6.2. Setting up virtual mount points by editing the TSM configuration file

To set up virtual mount points by editing the TSM configuration file, do as follows:

  1. Locate the TSM configuration file dsm.sys. The location can be looked up in our list of TSM Options Files.

  2. Add a line for each folder that is to become a mount point, of the form:

    virtualmountpoint /data
    Note that the added line(s) must not end in a forward slash.

  3. Save the TSM configuration file.

  4. Now open dsm.opt for editing. This is located in the same directory as dsm.sys. Check whether or not the setting for DOMAIN is is ALL-LOCAL. If it is, proceed to the next step. If it is not, then you need each virtual mount point to be listed as a separate domain. To do this, you can either have one long DOMAIN line with space-separated values, or multiple lines. So, for example, to set your backup domain to back up the root partition, /media and /data, you can put either

    DOMAIN / /media /data
    or
    DOMAIN /
    DOMAIN /media
    DOMAIN /data

  5. Now verify that your new virtual mount point(s) is/are set up correctly.
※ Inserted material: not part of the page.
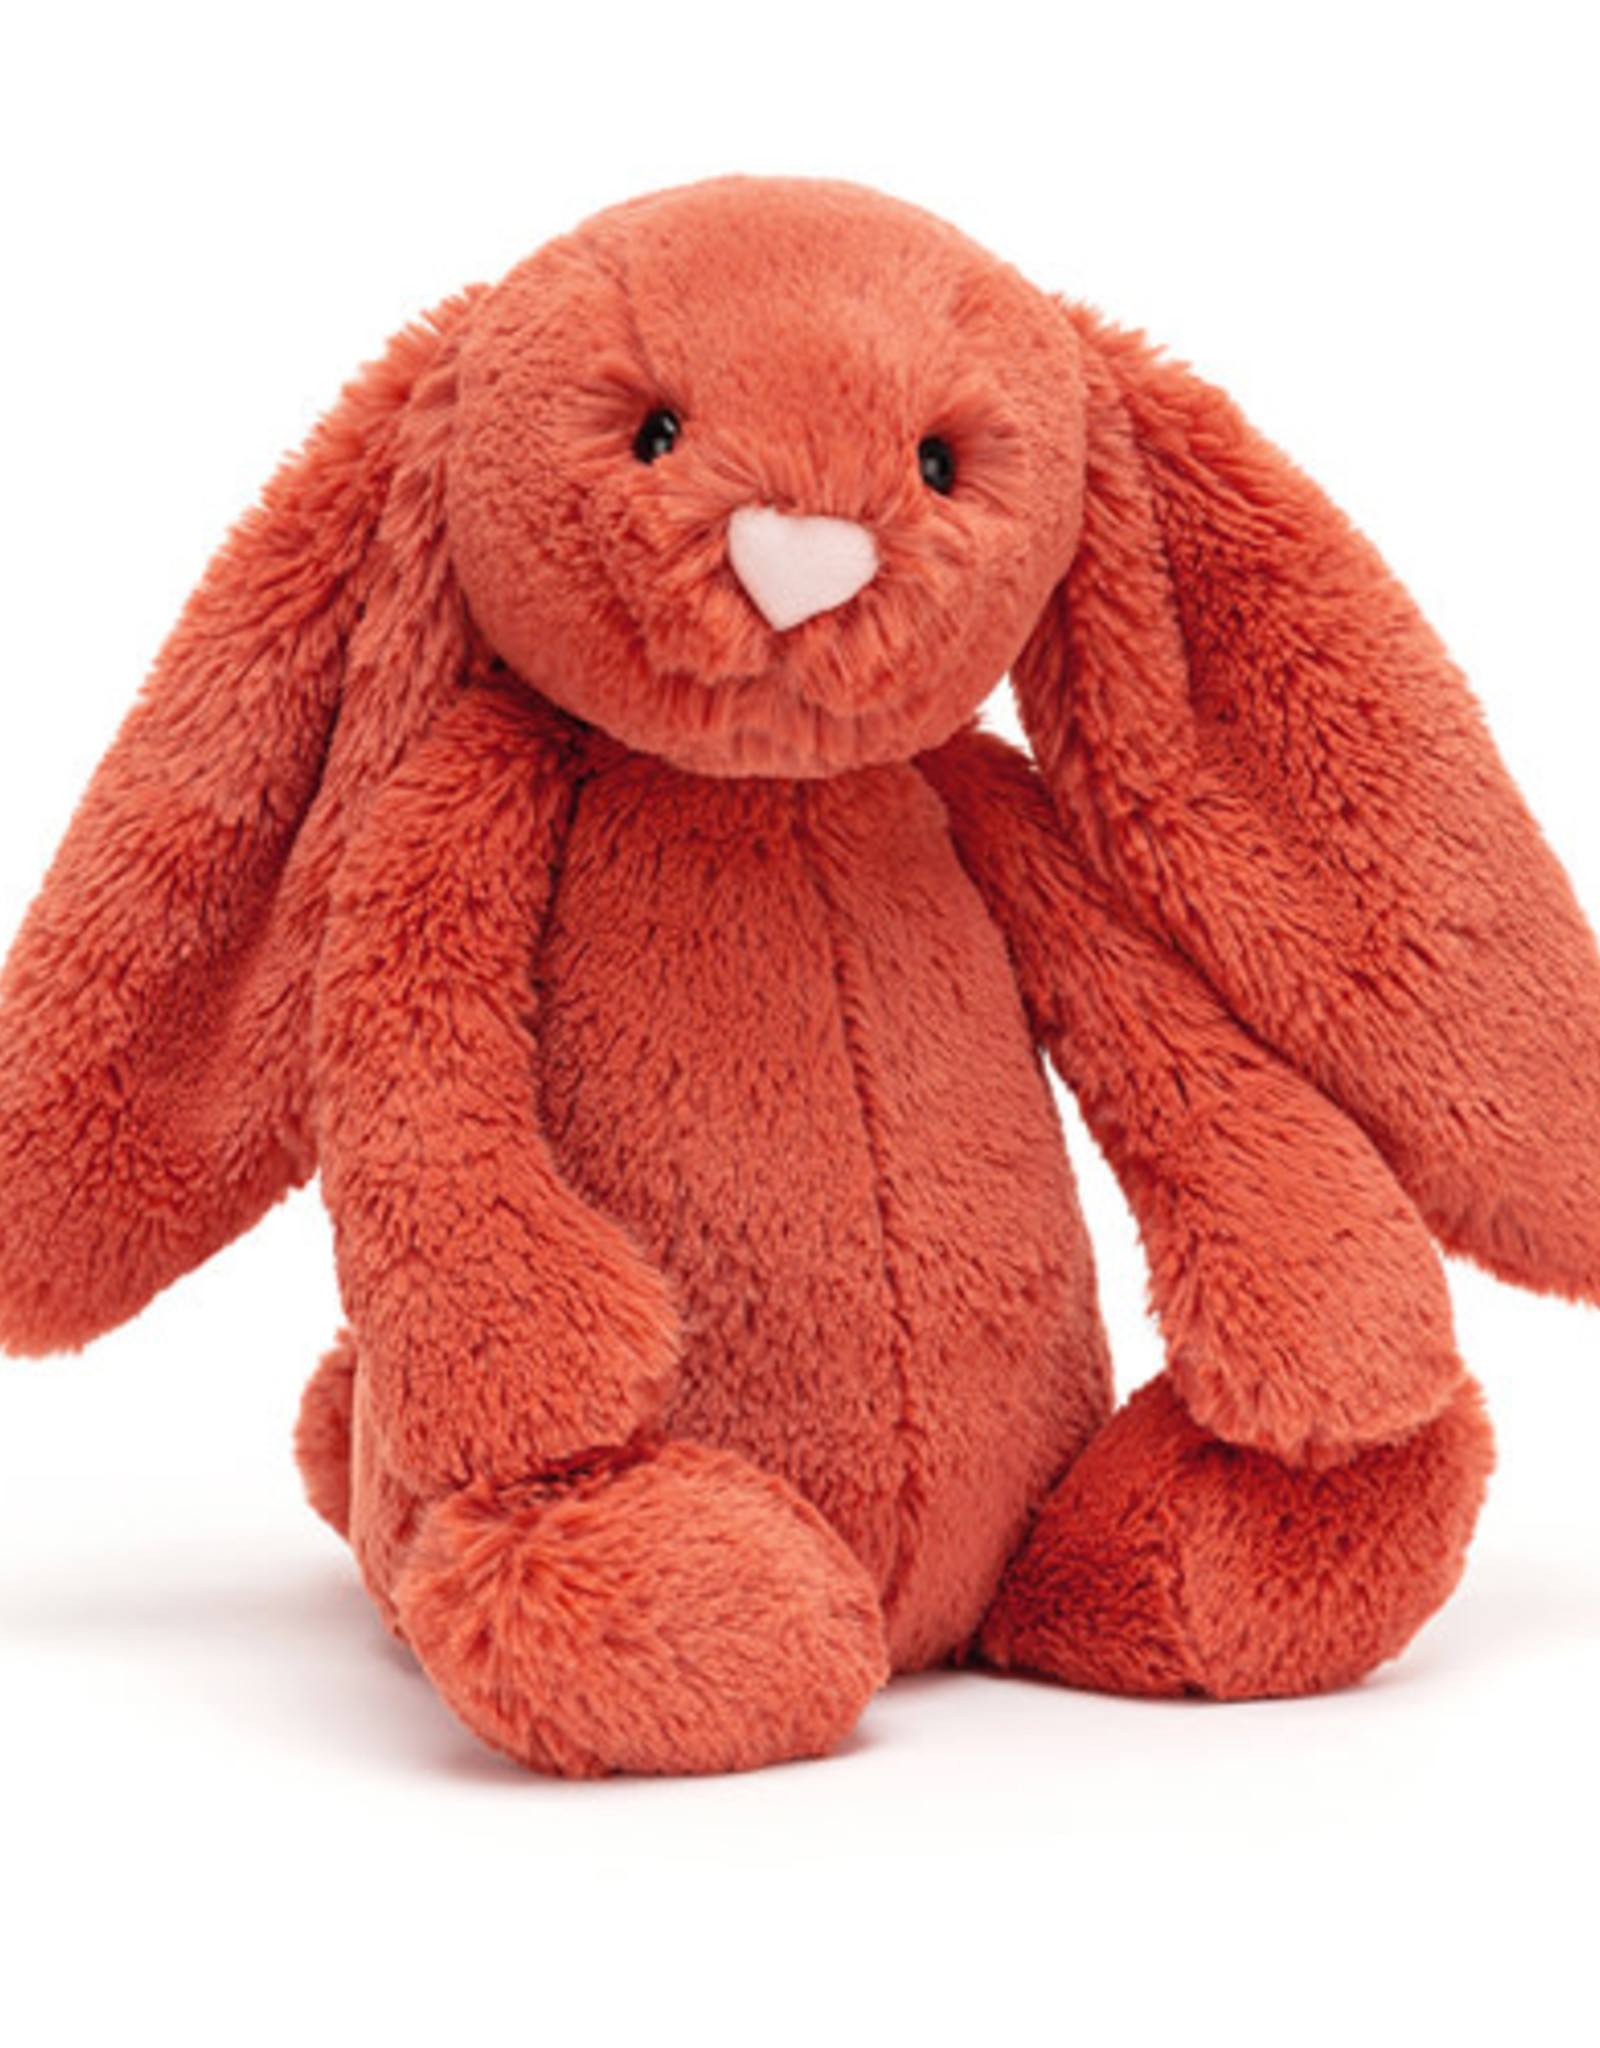 Jellycat Bashful Bunny Cinnamon M

The easiest way to do this is in the TSM graphical user interface, by attempting to perform a manual backup with your new settings, verifying that the folders nominated as virtual mount points appear in TSM as if they were separate partitions. For how to run a manual backup, please see our instructions for backup selected files and directories in Linux or Solaris.

  6. Lastly, if you use the automatic scheduled backups, you must now restart the TSM scheduler after making changes to your TSM configuration. If you do not do this then the change that you have made will not be honoured on the scheduled backups. Please see our instructions for restarting the scheduler on Linux or Solaris. Alternatively, restarting your machine will have the same effect as restarting the TSM scheduler.



7. Repartition your file system

If none of the above helpa, then it may be necessary for you to repartition your file system. This is likely to be the case if you have a very large quantity of data (several terabytes or more) that is presented to TSM as a single partition. As is the case in 6. Virtual mount points, this would require a resend of your data to the HFS, so please contact the HFS Team if you think that this will be necessary.